What, all my pretty chickens and their dam
At one fell swoop?'
Mac. 4.3. 222-6
A favourite scene (amidst a play, I realised today, that I have grossly undervalued) is when Macduff hears the news of his murdered family. Macduff's grief is reminiscent of Constance's in King John (particularly, above), which made me reflect on the biographical dating of that play based on Constance's spectacular speech in 3.4. 'All my pretty chickens' is a line, oddly enough, I have grown up hearing - it's one of my Dad's favourites. The rupture of genuine, raw and disbelieving grief from Macduff with the play's imposition of a 'masculine' ideal of mourning is the subtlest of dramatic tensions from Shakespeare. Gosh, he isn't half good sometimes.
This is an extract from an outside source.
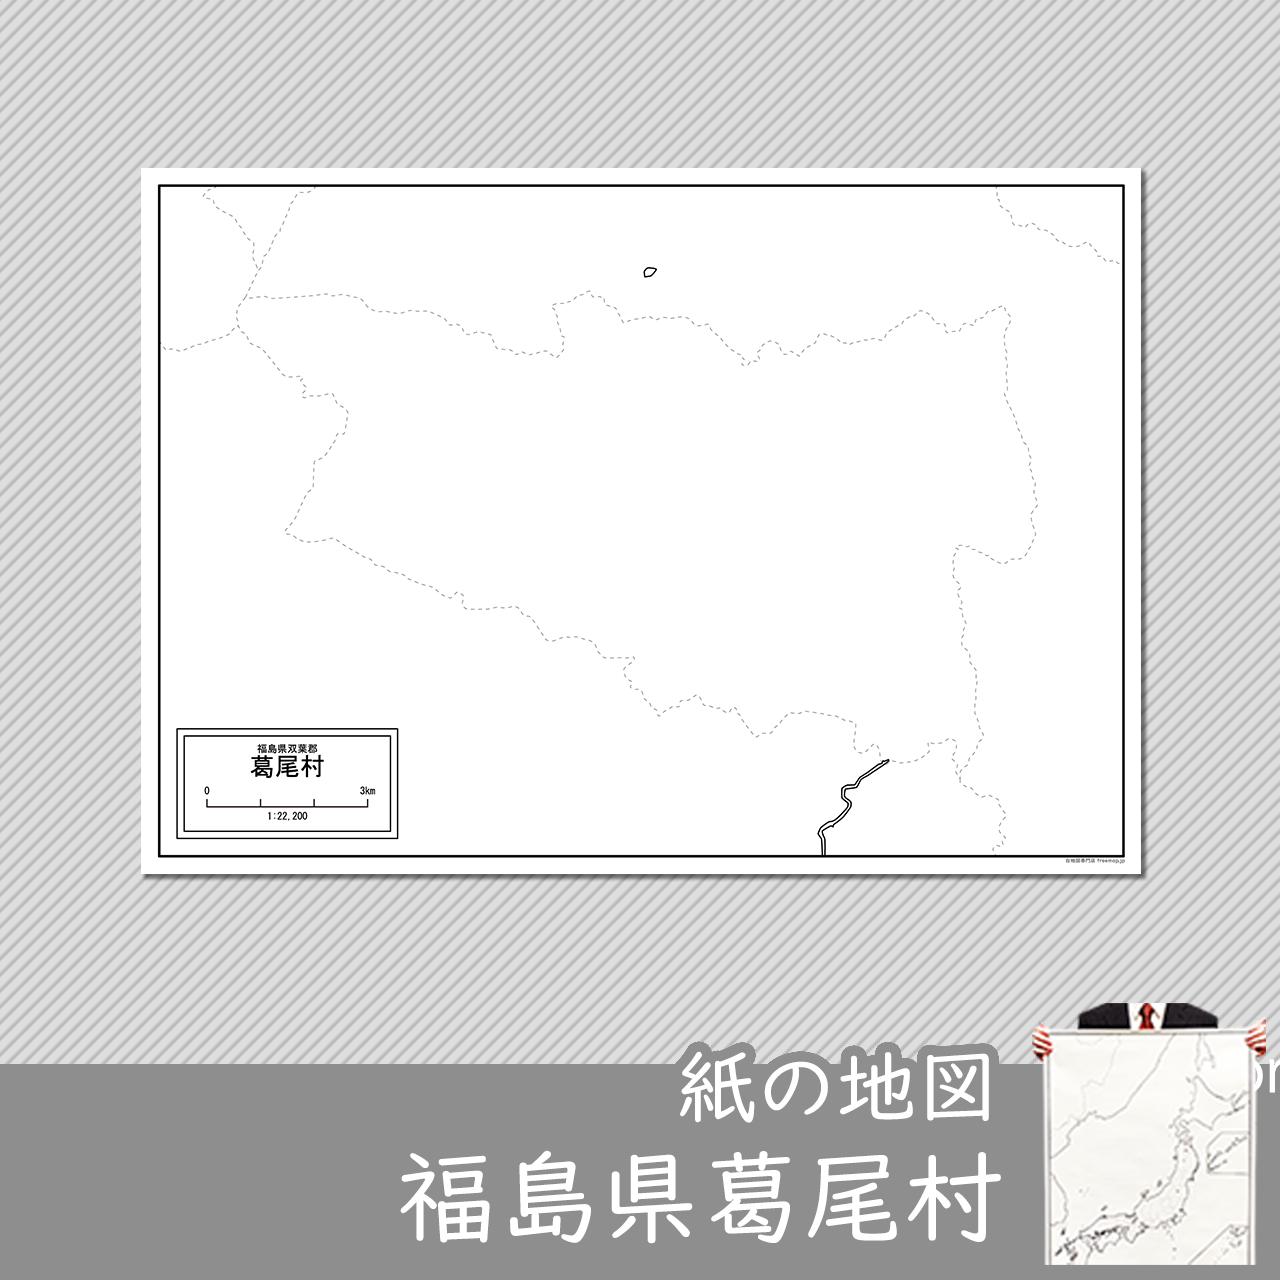 葛尾村の紙の白地図のサムネイル

'Sleep that knits up the ravelled sleeve of care,
The death of each day's life'
Mac. 2.2.37-8
The death of each day's life'
Mac. 2.2.37-8
As for my day, nowhere in York could I find a way to incorporate haggis into my day. I did, however, have a tragically insular day reading on my own in the Dean's gardens (Can I use a very tenuous interpretation of Bamber to link my day to Macbeth? It seems I just did). Though the inevitable sunburn I received may have been better suited to Leontes' penchant for baby-burning in The Winter's Tale, my reading setting today was tranquil bliss.
One entirely random thought/question the play inspired of me today: An unprecedented amount of the play's phrasing I found I could sing along to. I hadn't expected Macbeth to be quite so full of recognisable phrases.